Following up on this incident, the House of Representatives of Indonesia (DPR) asked the Indonesian government, through the Minister of Foreign Affairs and the Minister of Defense, to issue a protest diplomatic note against the United States government. From the photos that were captured, the Indonesian government protested to the United States for entering Indonesian waters without permission.

The United States Embassy in Jakarta stated that the naval convoy had sought permission from the Indonesian government and that the warplanes involved in the incident did not violate international laws and that they had informed the Indonesian authorities beforehand about the exercise they were conducting. Indonesia denied receiving notification and said it did not issue security clearance for the Navy convoy. However, Indonesian Rear Air Marshal Wresnowiro said the US Navy requested permission to transit, "but our bureaucracy is too slow to pass the security clearance."

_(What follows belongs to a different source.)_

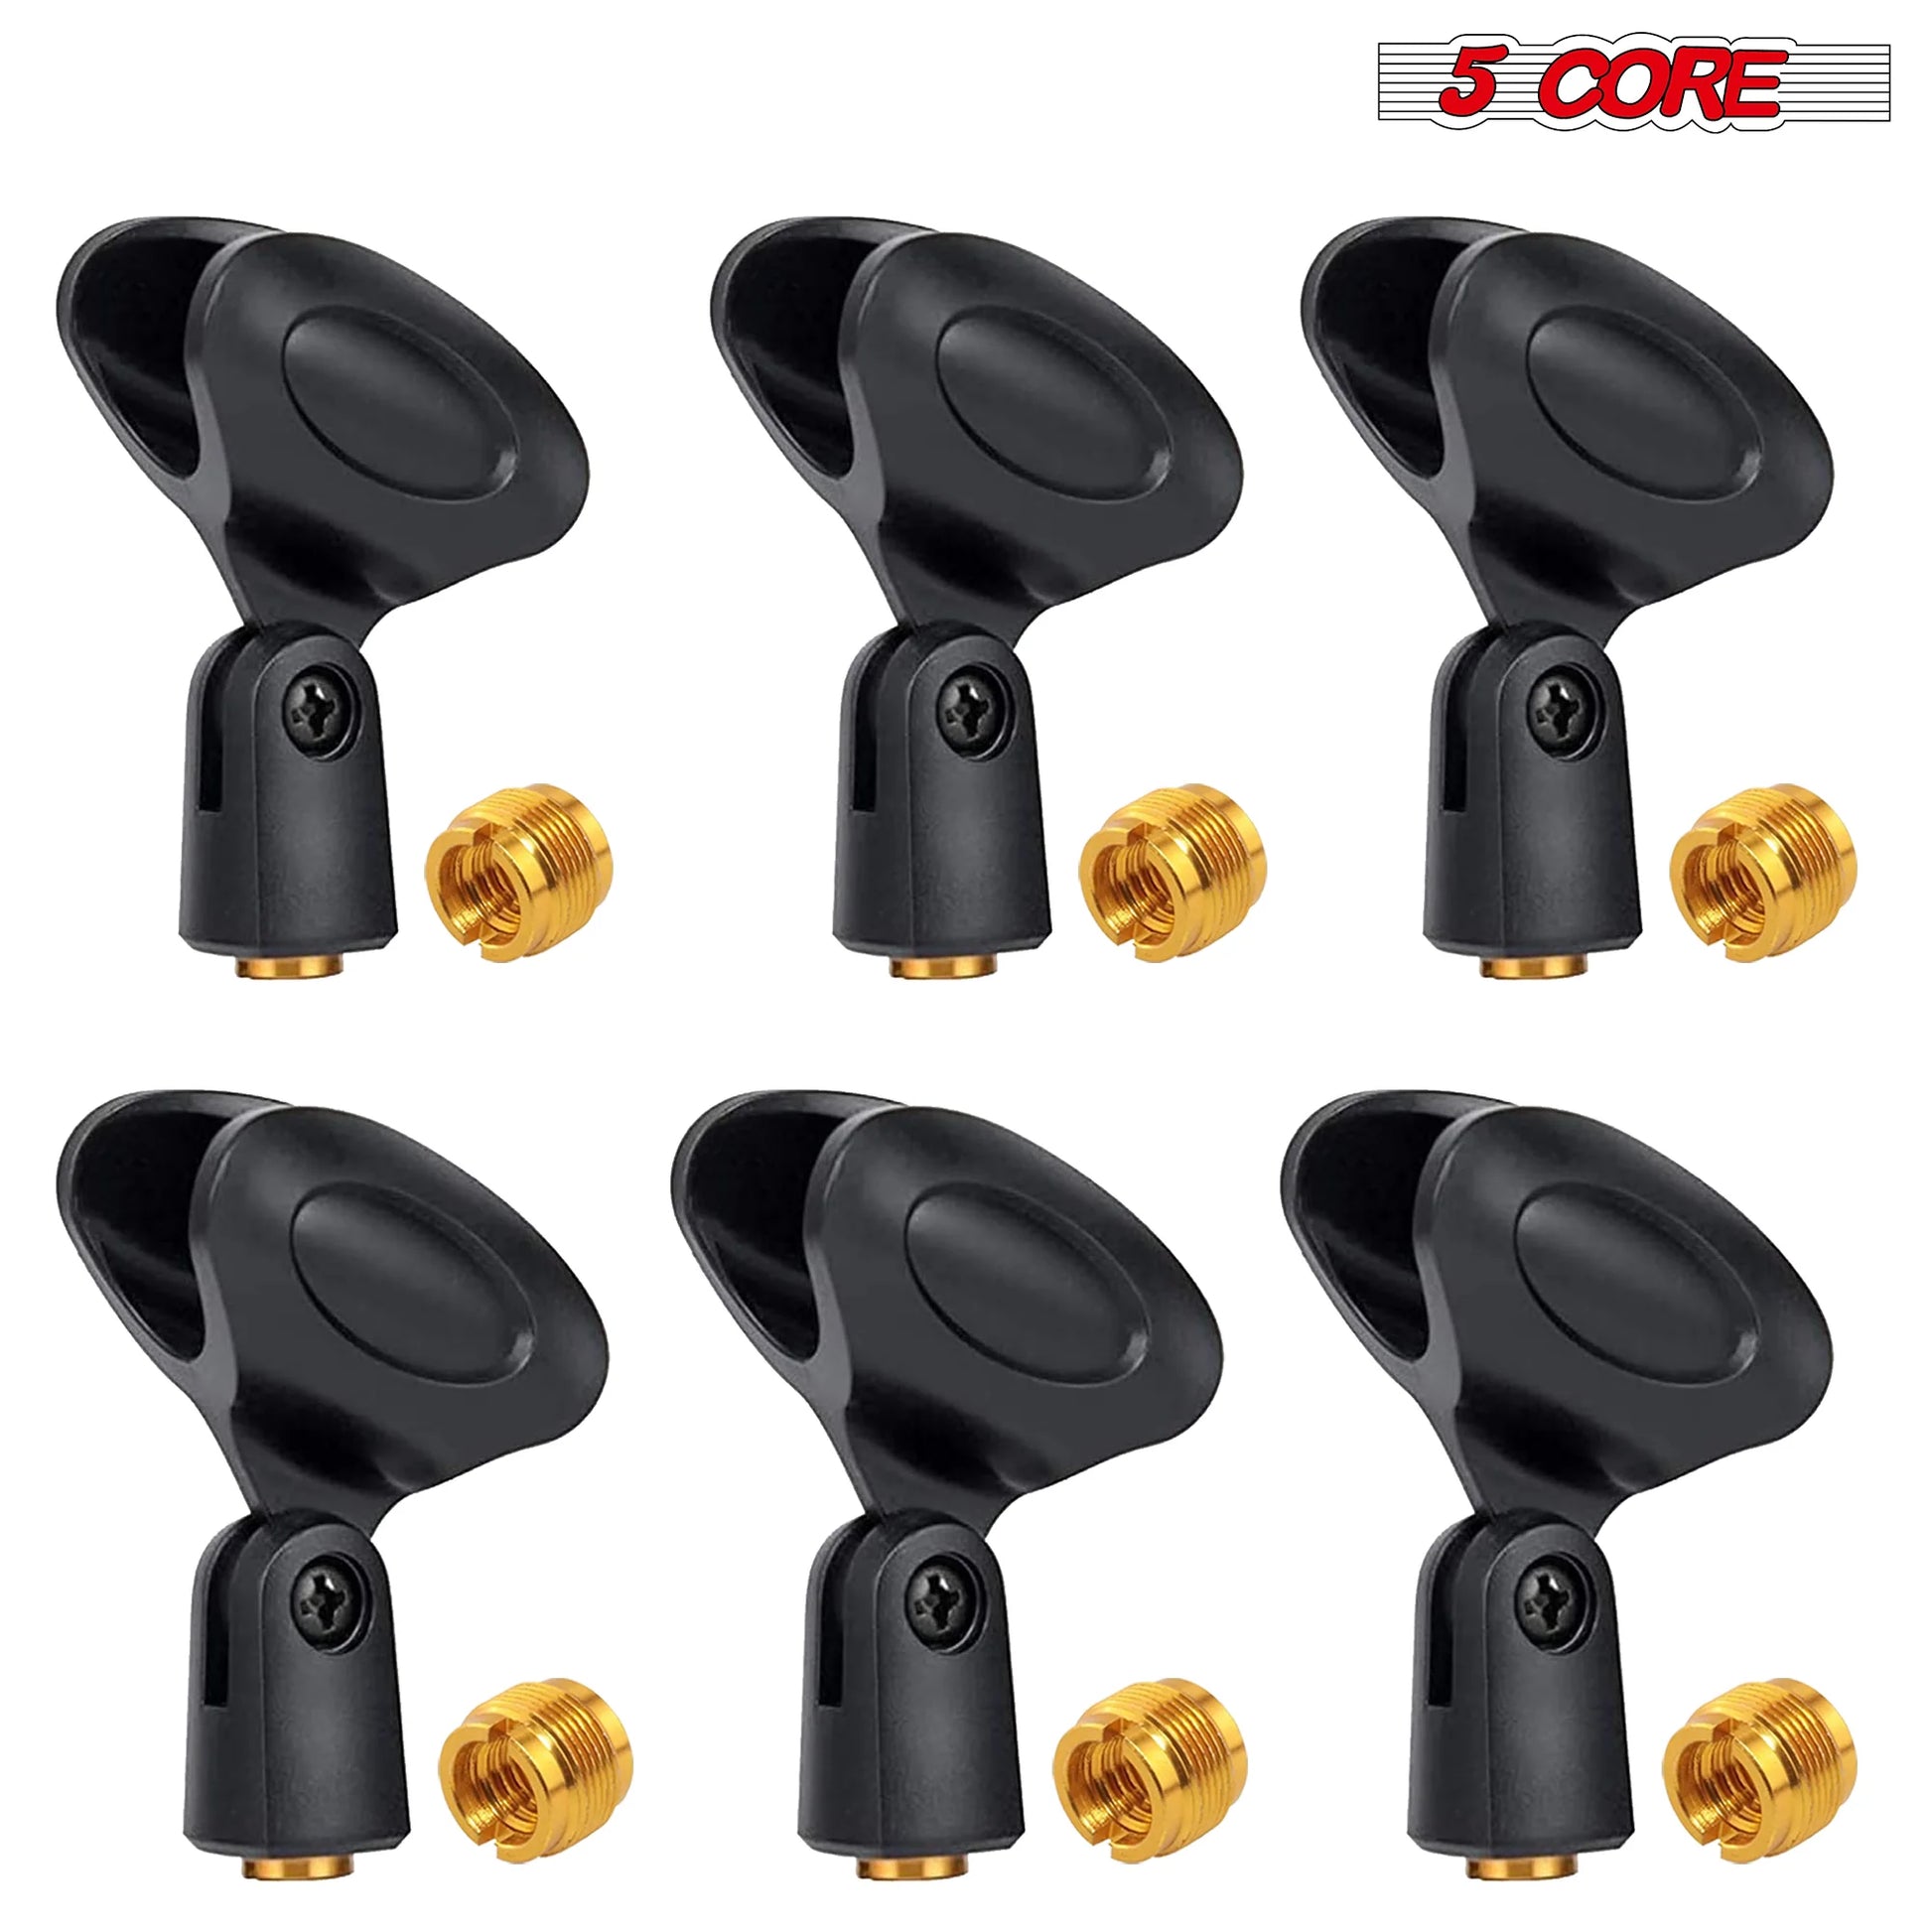 5 Core Universal Microphone Clip Holder| Durable Mic Clip with Nut Adapters 5/8" to 3/8", 6 Pack, Black- MC 02 6PCS

Carl Vinson went on to visit Perth on 14 July 2003. The carrier then visited Hong Kong on 6 August travelling back through the Java Sea on a similar path as in early July. During the 2003 deployment, VFA-22, VMFA-314, VFA-146, and VFA-147 deployed on Carl Vinson apparently with F/A-18C/D Hornet aircraft. It is not clear which squadron was involved in this incident, although according to an Indonesian monthly aviation magazine Angkasa, the F/A-18 Hornets belonged to the VFA-22.